BEGIN DATA SHOWN

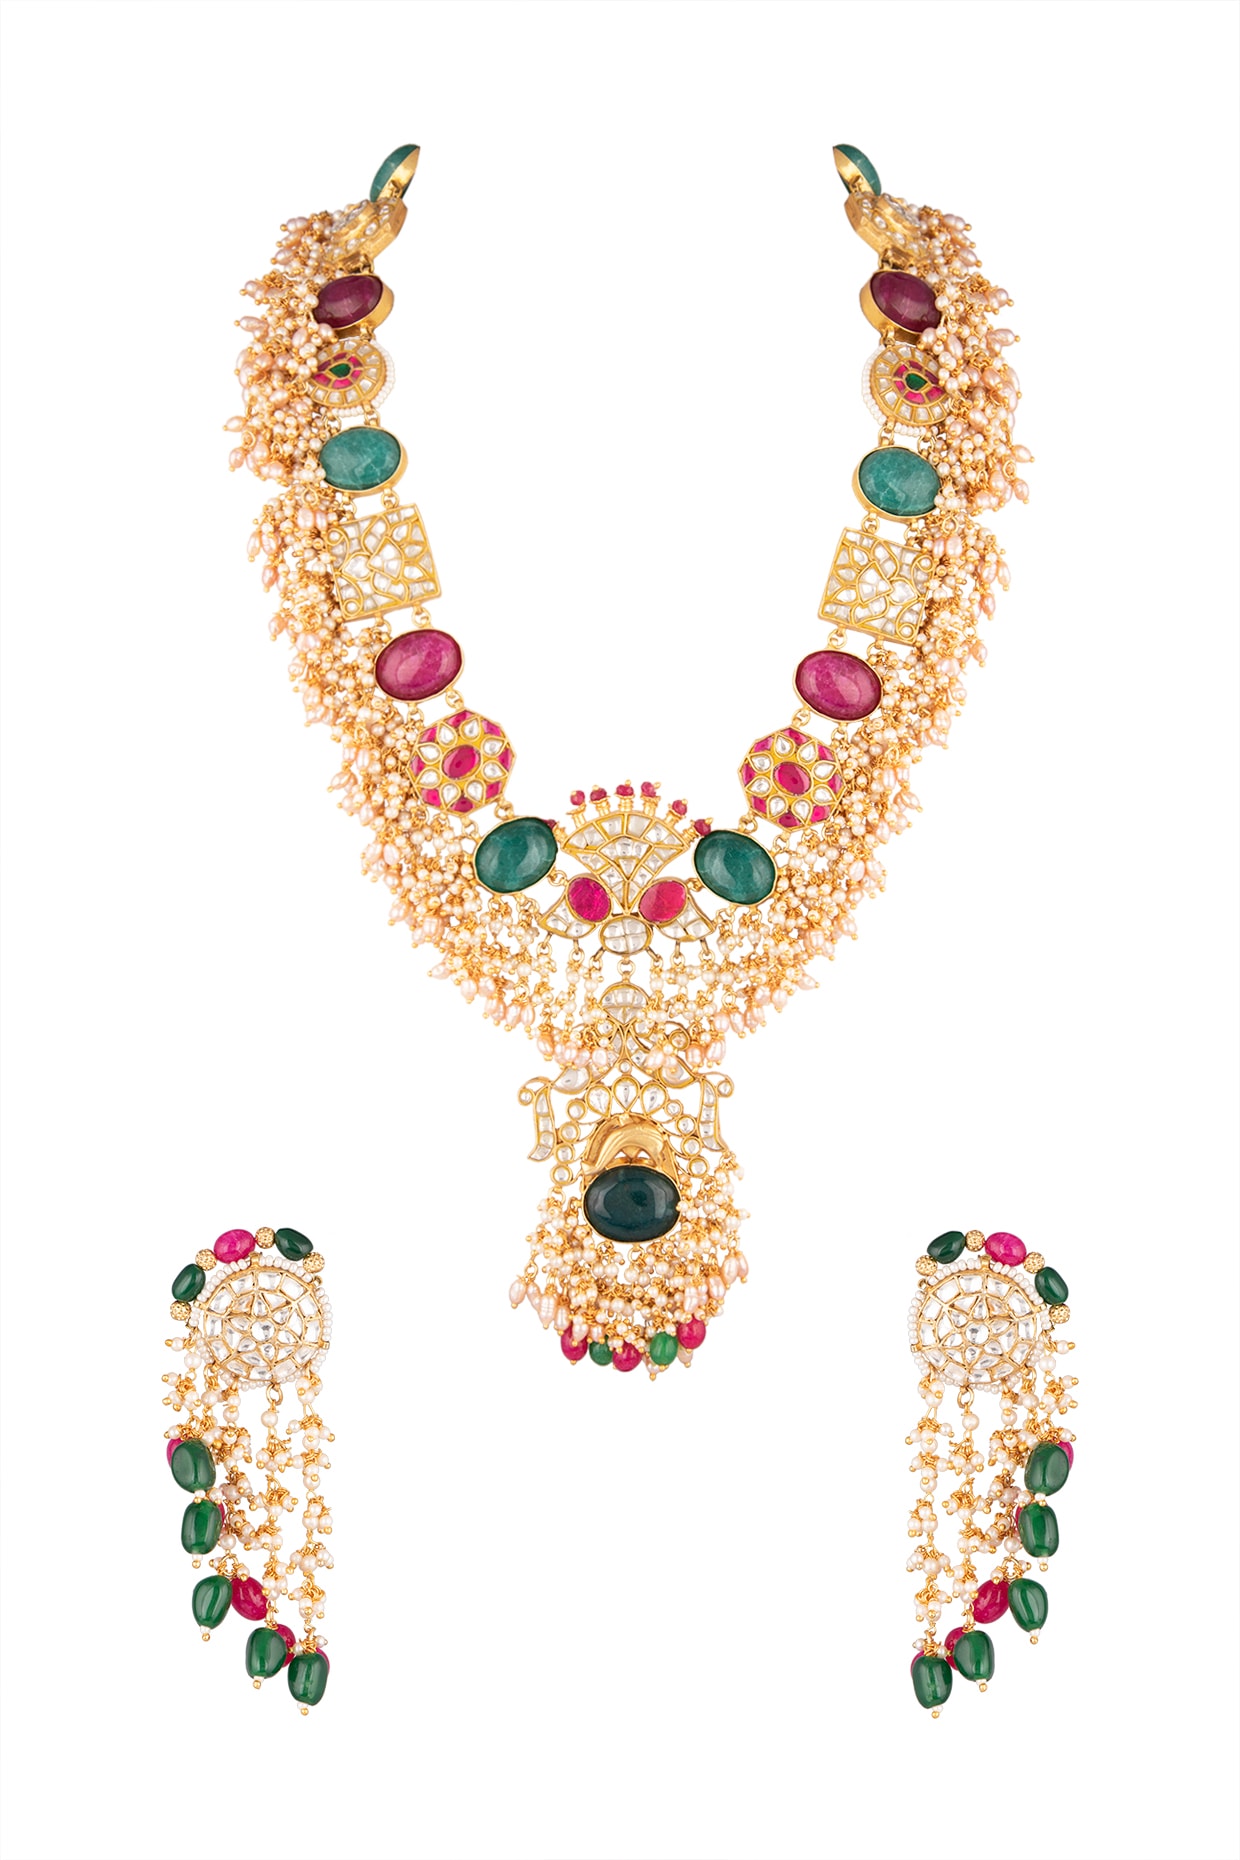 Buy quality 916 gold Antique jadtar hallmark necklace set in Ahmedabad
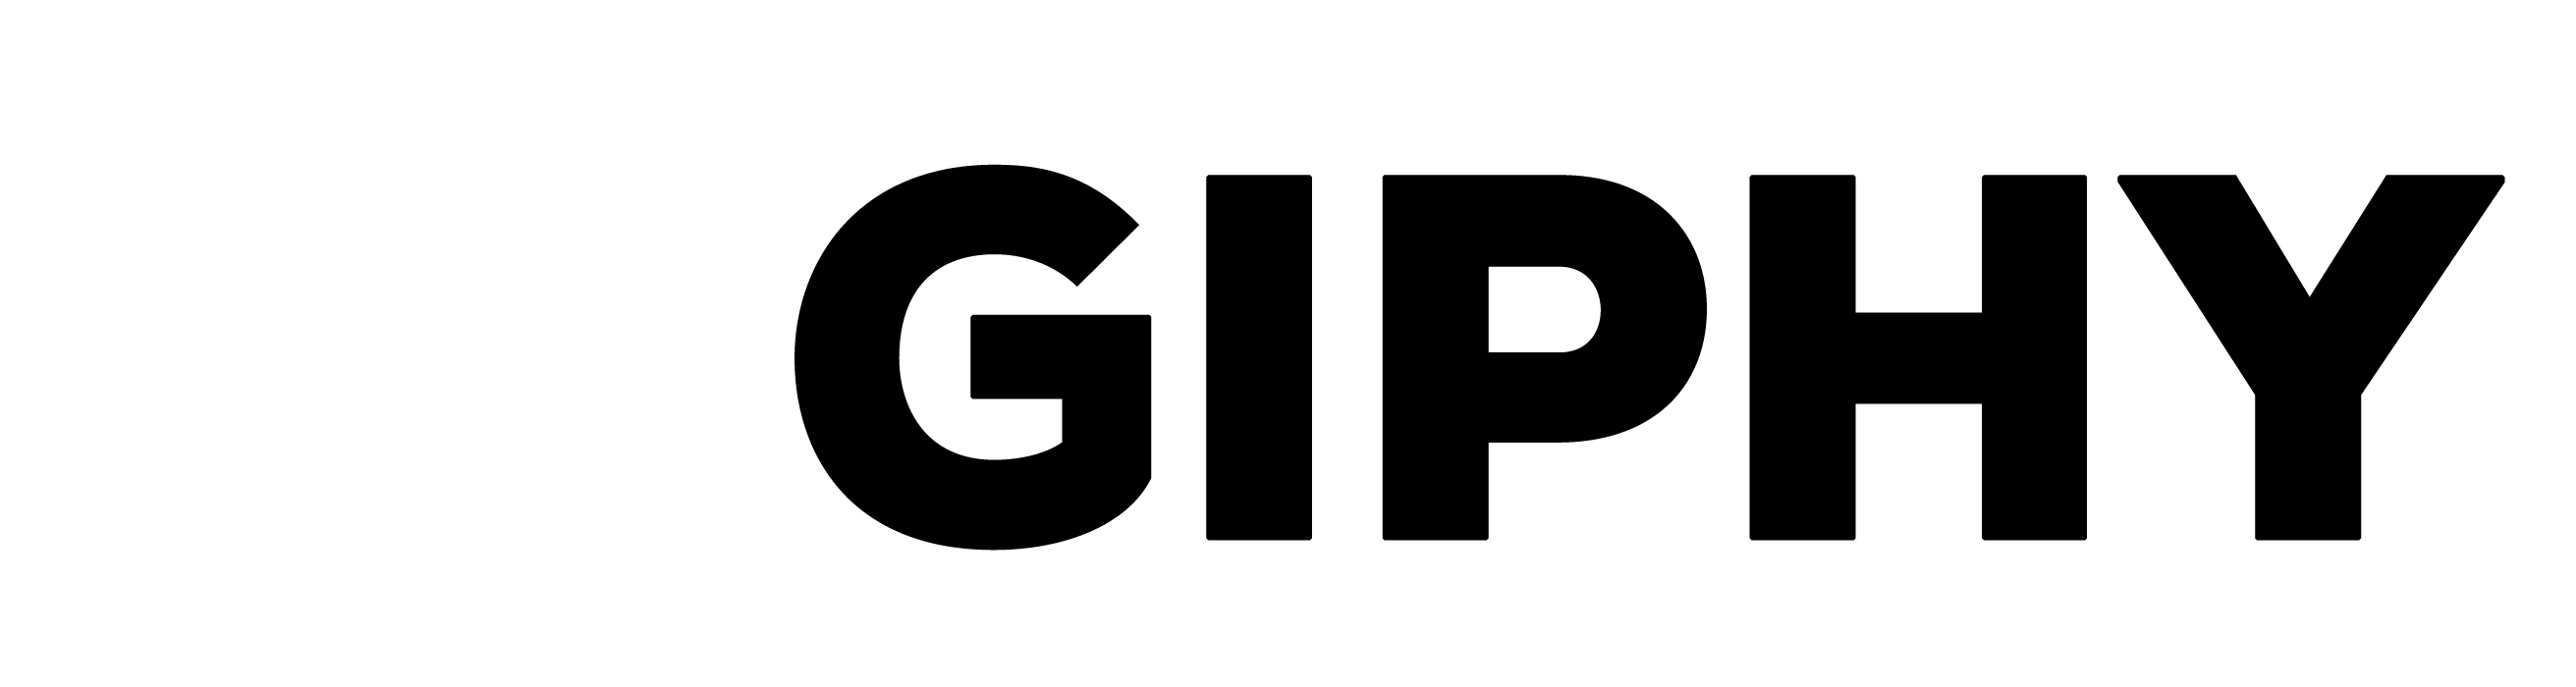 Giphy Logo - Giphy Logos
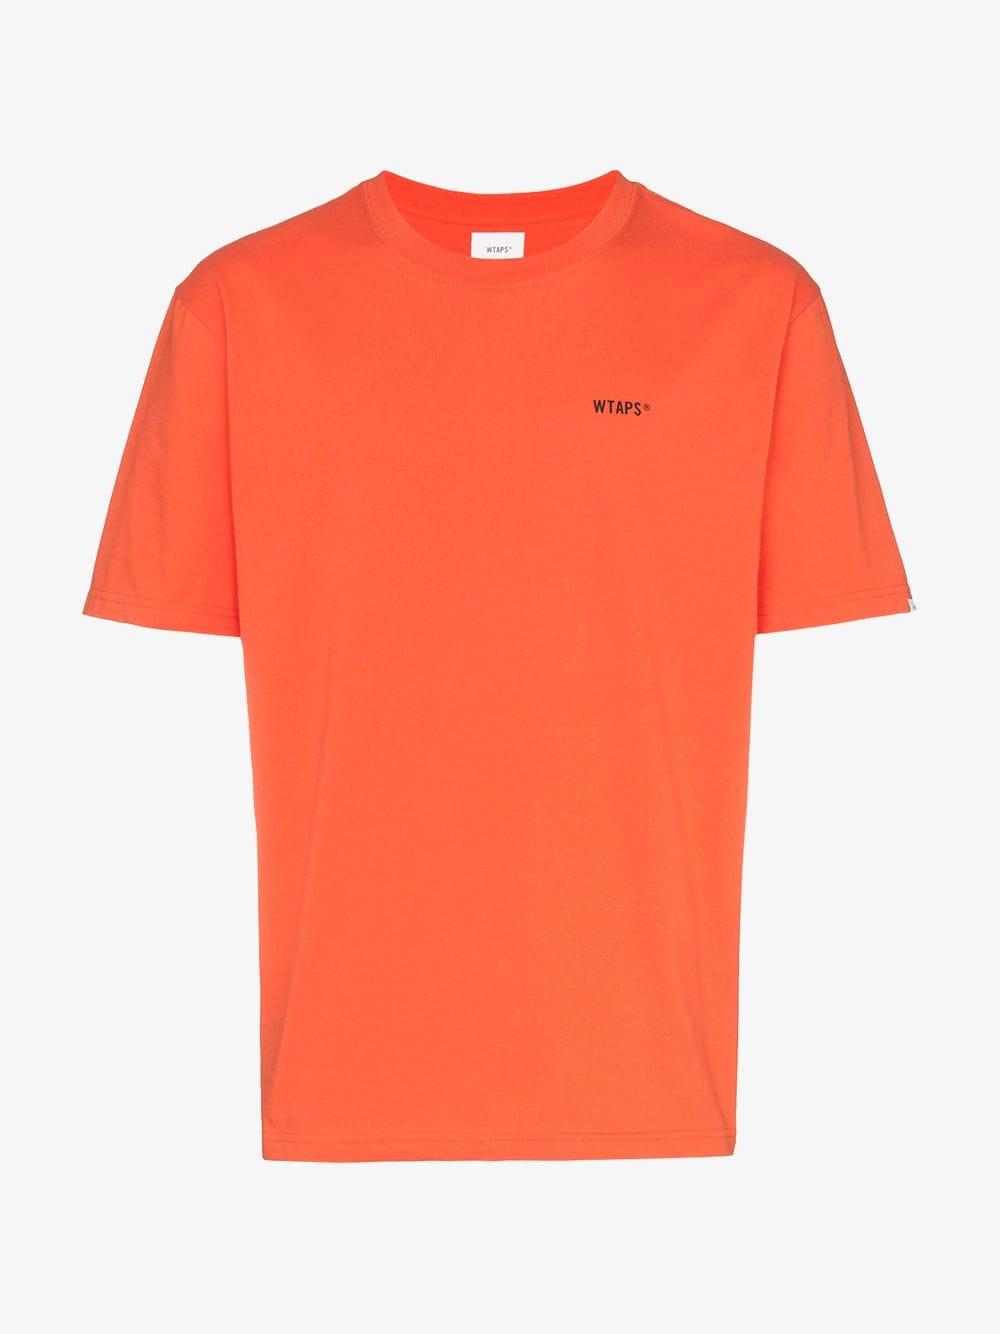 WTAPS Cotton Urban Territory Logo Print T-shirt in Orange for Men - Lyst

END DATA SHOWN

PROBLEM STATEMENT: An unchanged copy of the data, images excluded, is all that should be given.

THE ANSWER:
 Buy quality 916 gold Antique jadtar hallmark necklace set in Ahmedabad
 Giphy Logo - Giphy Logos
 WTAPS Cotton Urban Territory Logo Print T-shirt in Orange for Men - Lyst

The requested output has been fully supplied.